Patrick Collison and Tyler Cowen opened their 2019 Atlantic piece that helped jump-start the progress studies movement with the following passage:

In 1861, the American scientist and educator William Barton Rogers published a manifesto calling for a new kind of research institution. Recognizing the “daily increasing proofs of the happy influence of scientific culture on the industry and the civilization of the nations,” and the growing importance of what he called “Industrial Arts,” he proposed a new organization dedicated to practical knowledge. He named it the Massachusetts Institute of Technology.

In my eyes, MIT is entirely deserving of this honor: being used as the authors’ first example of an organization that generated progress. Yet, despite how well-known this article has become and MIT’s prominent placement in it, many in the progress studies community still don’t appreciate just how different the Institute was in its early years — arguably the Institute’s most productive years.

Early MIT was a remarkably differentiated product from the other elite, Ivy League universities. It was an experimental school focused on training a new kind of technical man, and a remarkably successful one.
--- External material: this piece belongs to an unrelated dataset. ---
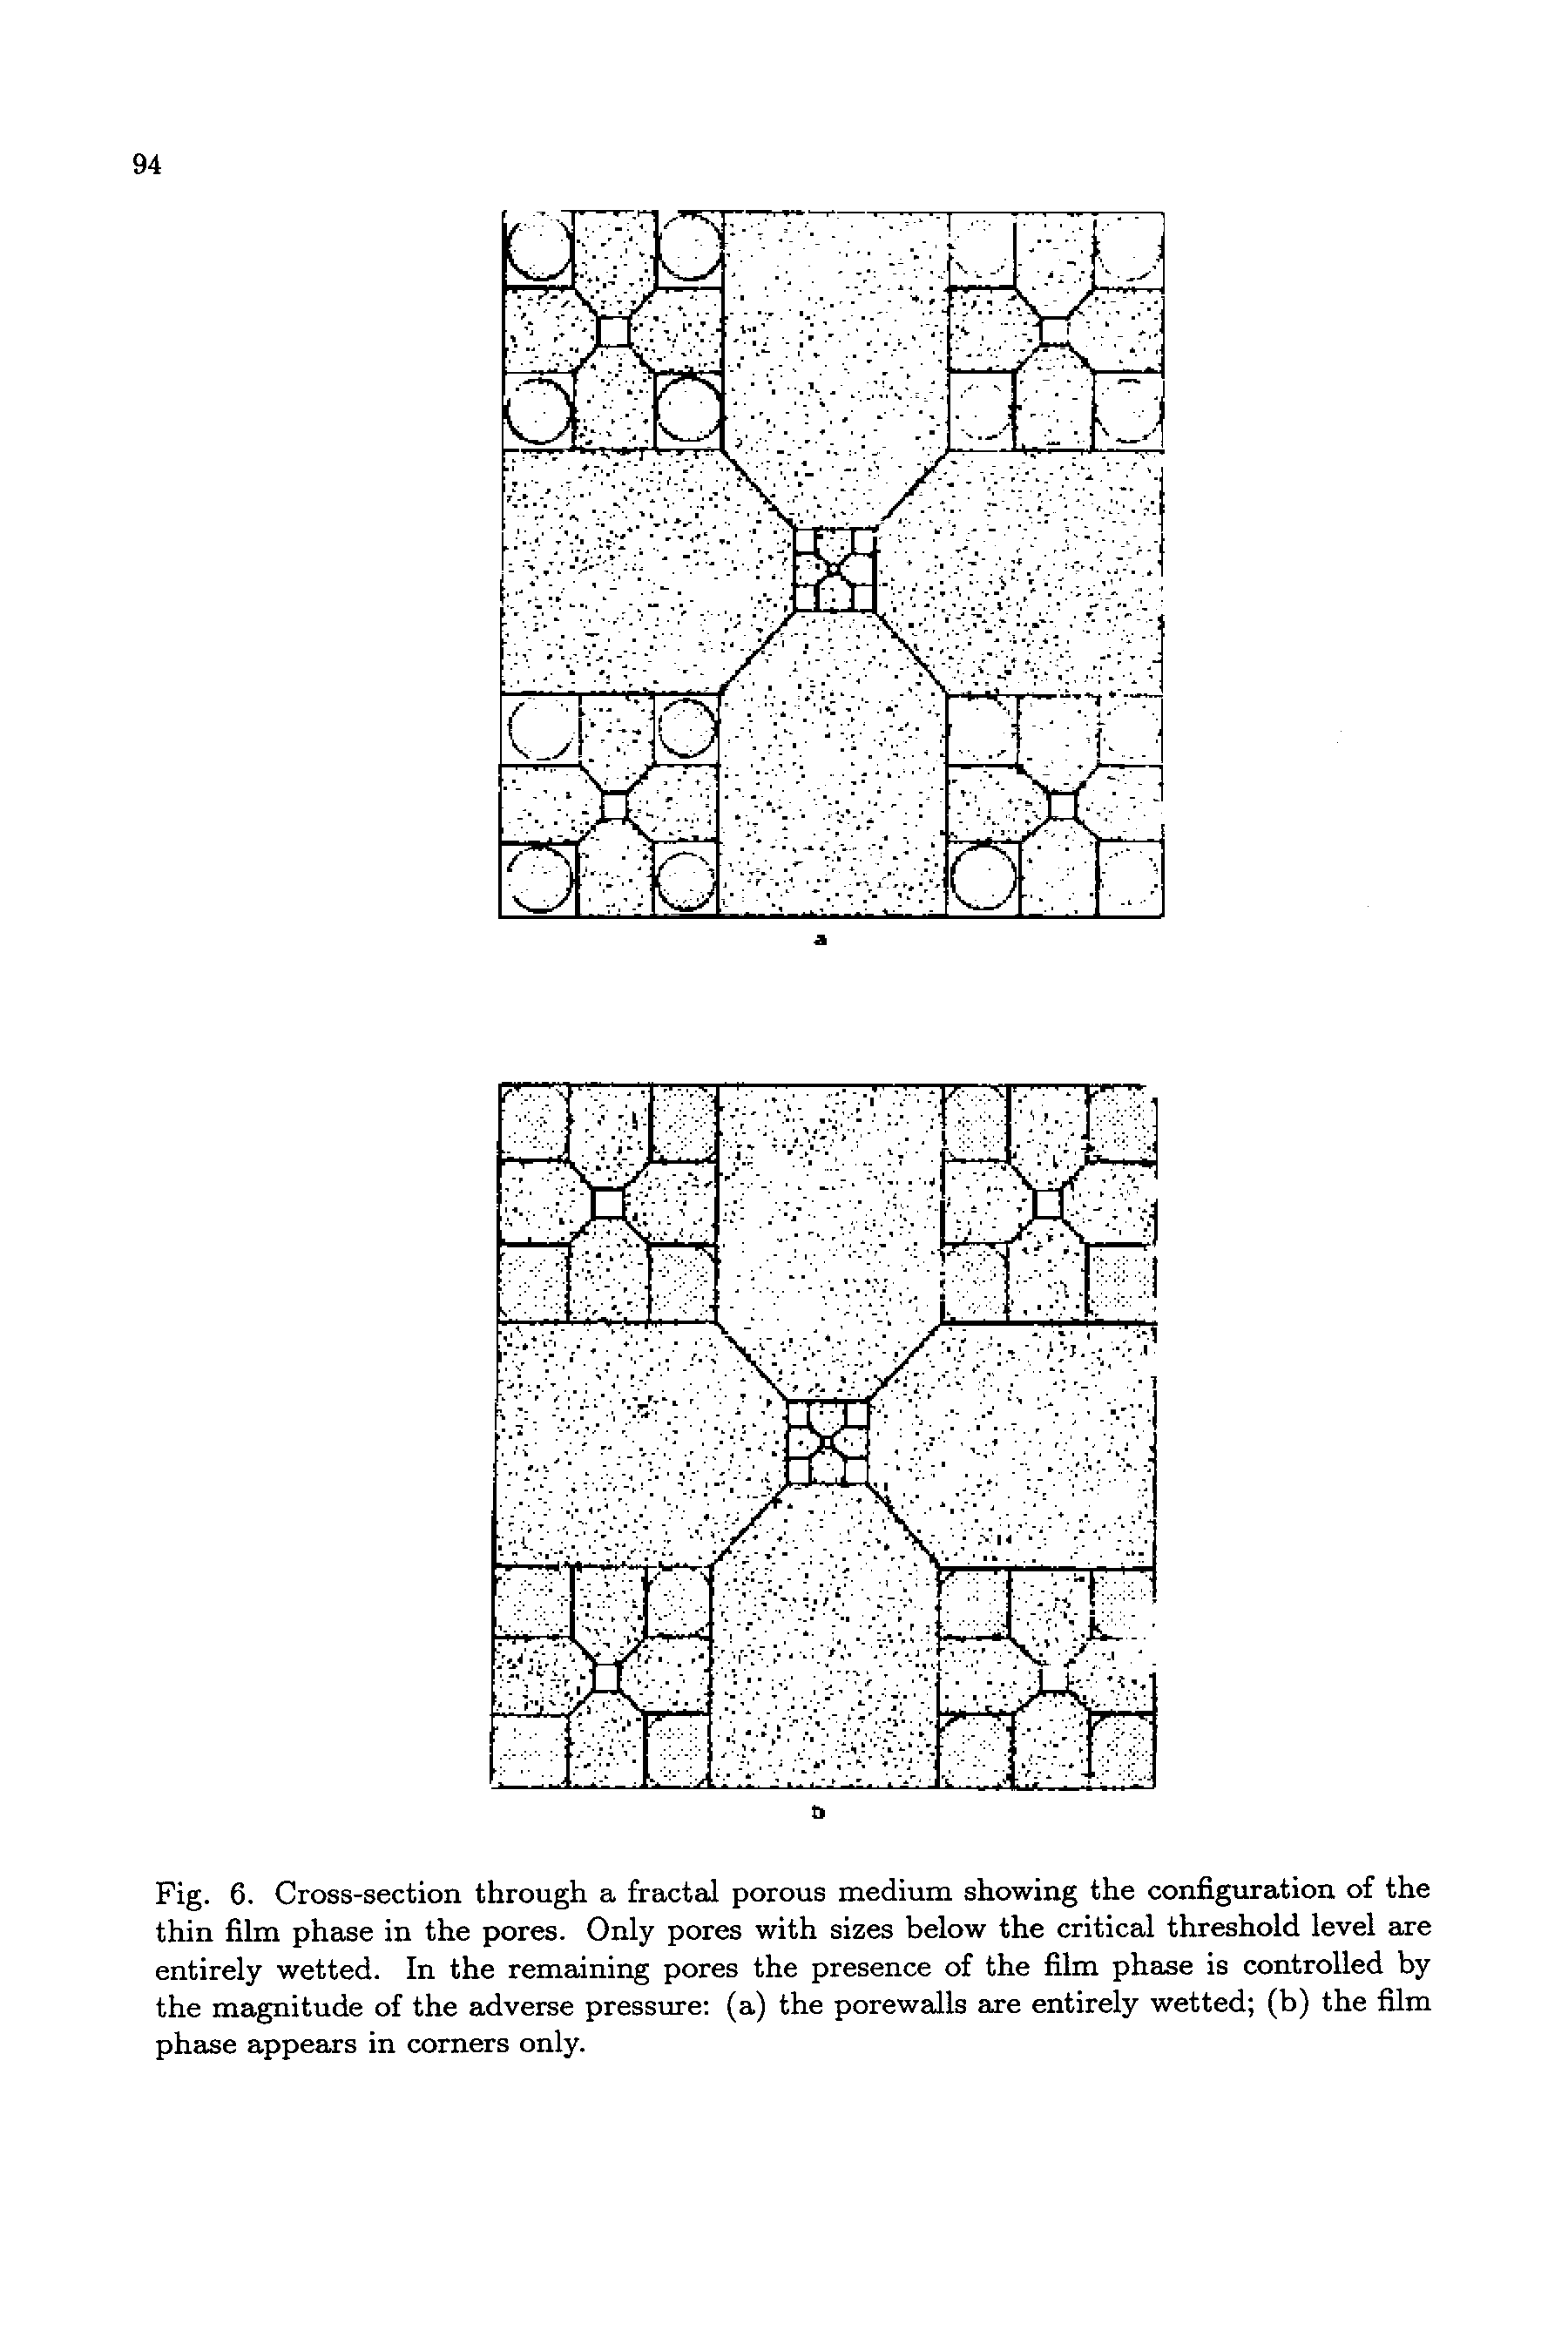 Fig. 6. Cross-section through a fractal porous medium showing the configuration of the thin film phase in the pores. Only pores with sizes below the critical threshold level are entirely wetted. In the remaining pores the presence of the film phase is controlled by the magnitude of the adverse pressure (a) the porewails are entirely wetted (b) the film phase appears in corners only.

It helped train many elite engineers who helped build the country in America’s era of peak economic growth, an era whose growth is largely credited to engineering and technical feats. And its faculty contributed to this growth in an even more direct way, undertaking courses of research that bordered on being so practical that many in modern times wouldn’t even call it real academic research — not to mention its extremely close Industry partnerships that the school saw as vital to its mission. MIT was a place that saw itself as existing in service to industry, and it thrived in that role.